Introduction

Curative resections of the tumours of proximal humerus have been made possible in this era of limb salvage, with accurate staging and clear preoperative imaging defining the margins of resection [13]. For high-grade sarcomas, careful patient selection, supported by neo-adjuvant and adjuvant chemotherapy with a multi-disciplinary approach, has helped orthopaedic oncologists attain recurrence and mortality rates comparable to those with amputations [4, 5, 21, 23]. However, reconstruction of the proximal humerus remains controversial, with reports that come down for or against various options [9, 10, 20, 25]. The purpose of this study was to analyse the complications and the oncological and functional results of custom mega-prosthetic proximal humeral replacement while evaluating the prosthetic survival rates.

Materials and methods

Between April 1989 and August 2001, 63 patients with proximal humeral tumours underwent limb salvage resection and reconstruction in various institutions. We describe those 57 patients who were followed up for a minimum period of 2 years following custom mega-prosthetic replacement. There were 28 males and 29 females, mostly in the second or third decade of life, ranging in age from 8 to 69 years (mean 27.9 years). The mean follow-up period was 5.5 years.

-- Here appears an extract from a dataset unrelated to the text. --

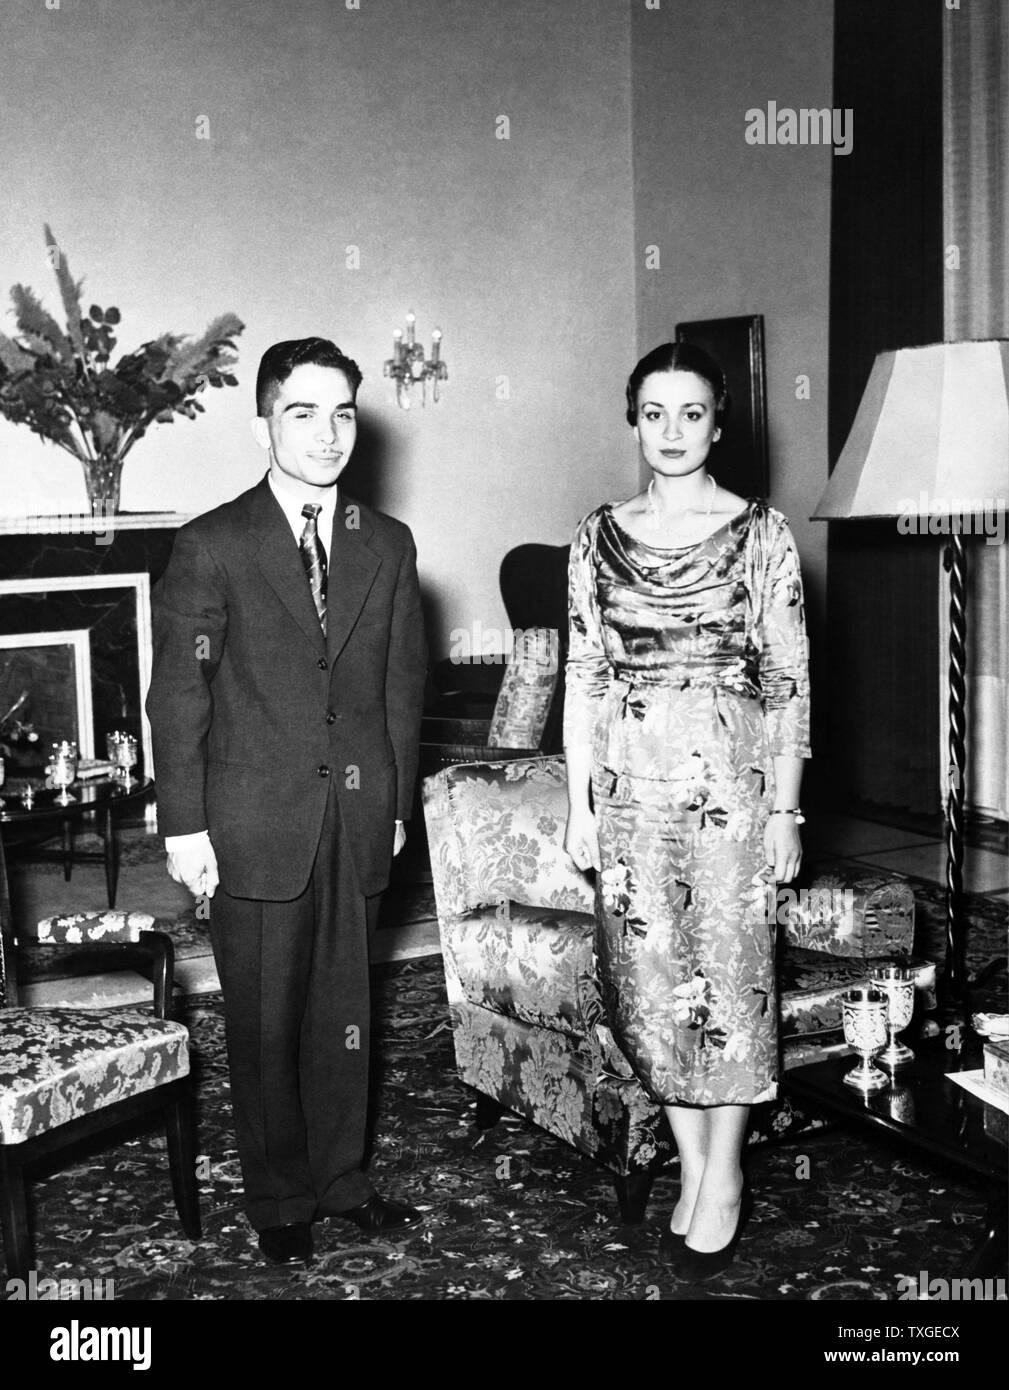 Pre-Wedding photographie du Roi Hussein de Jordanie et la Princesse Dina bint 'Abdul-Hamid. Datée 1955 Banque D'Images

Diagnosis and grade of tumours

There were 24 patients with osteosarcoma (Fig. 1), 11 aggressive giant cell tumours, 7 chondrosarcomas, 5 metastatic lesions and 2 cases of Ewing’s sarcoma (Table 1). Pre-operative staging evaluation was accomplished using plain radiography in all cases, computerized tomography (31 cases); magnetic resonance imaging (15 cases) and technetium bone scans (12 patients) to assess the soft tissue spread and distant bone metastases. Angiography was performed in four patients.

Fig. 1
figure 1

Pre-operative radiograph of a patient with stage IIB osteosarcoma of the proximal third of the humerus

Table 1 Diagnoses and oncological outcome in patients followed up for a minimum of 2 years

Histopathological diagnosis was established pre-operatively with open biopsy in 28 patients and closed biopsy or aspiration cytology in the rest. Enneking stages IIA and IIB [7] were those most commonly encountered in malignant tumours, and all the 11 giant cell tumours and both aneurysmal bone cysts were aggressive (stage B 3) . Soft tissue encroachment was observed in 20 cases, and 25 patients presented with pathological fracture. The average length of lesion was 108.3 cm (range 50–210 cm).

Resection

Resection of the two aneurysmal bone cysts (stage B 3) and two angiofibromas (stage B 2) resulted in segmental defects that were large enough to warrant a mega-prosthetic replacement. Also the giant cell tumours were aggressive with extensive involvement of the entire proximal humerus, and hence even a marginal resection left us with a segmental loss that necessitated endoprosthetic reconstruction. Resection margins achieved were extra-articular and wide in 38 malignant sarcomas that were in stages IB, IIA or IIB; marginal in the rest of the tumours, including metastatic lesions.

Adjuvant treatment

Pre-operative chemotherapy was given to 19 patients with malignant tumours. Four patients (one giant cell tumour, 1 metastasis from prostate carcinoma and two cases of osteosarcoma) were referred to us after receiving preoperative radiotherapy. Two patients with giant cell tumour, one with chondrosarcoma and two with osteosarcoma had undergone prior excision or resection with inadequate margins. All patients with osteosarcoma, malignant fibrous histiocytoma and multiple myeloma received post-operative chemotherapy.

Reconstruction

The required dimensions of the prosthesis were estimated using X-rays in all patients. The material that was used to indigenously manufacture these prostheses was surgical stainless steel 316 L in 49 patients and titanium in 8 patients. Stainless steel wires or Dacron tapes were used for static suspension to secure the prosthesis proximally to the acromion process. The distal stem of the prosthesis was fixed with polymethylmethacrylate cement in the distal medullary canal (Fig. 2).

Fig. 2
figure 2

Follow- up radiograph of the patient in Fig. 1, after wide resection and custom mega-prosthetic replacement

Results

Patients were evaluated every 3 months during the first year and 6 monthly for the next 2 years with physical examination and plain radiography. Long-term follow up was annual. The average duration of follow-up was 5.5 years (range 2–14.5 years). One patient with osteosarcoma and one with aneurysmal bone cyst were lost to follow-up after 3.5 and 5 years respectively.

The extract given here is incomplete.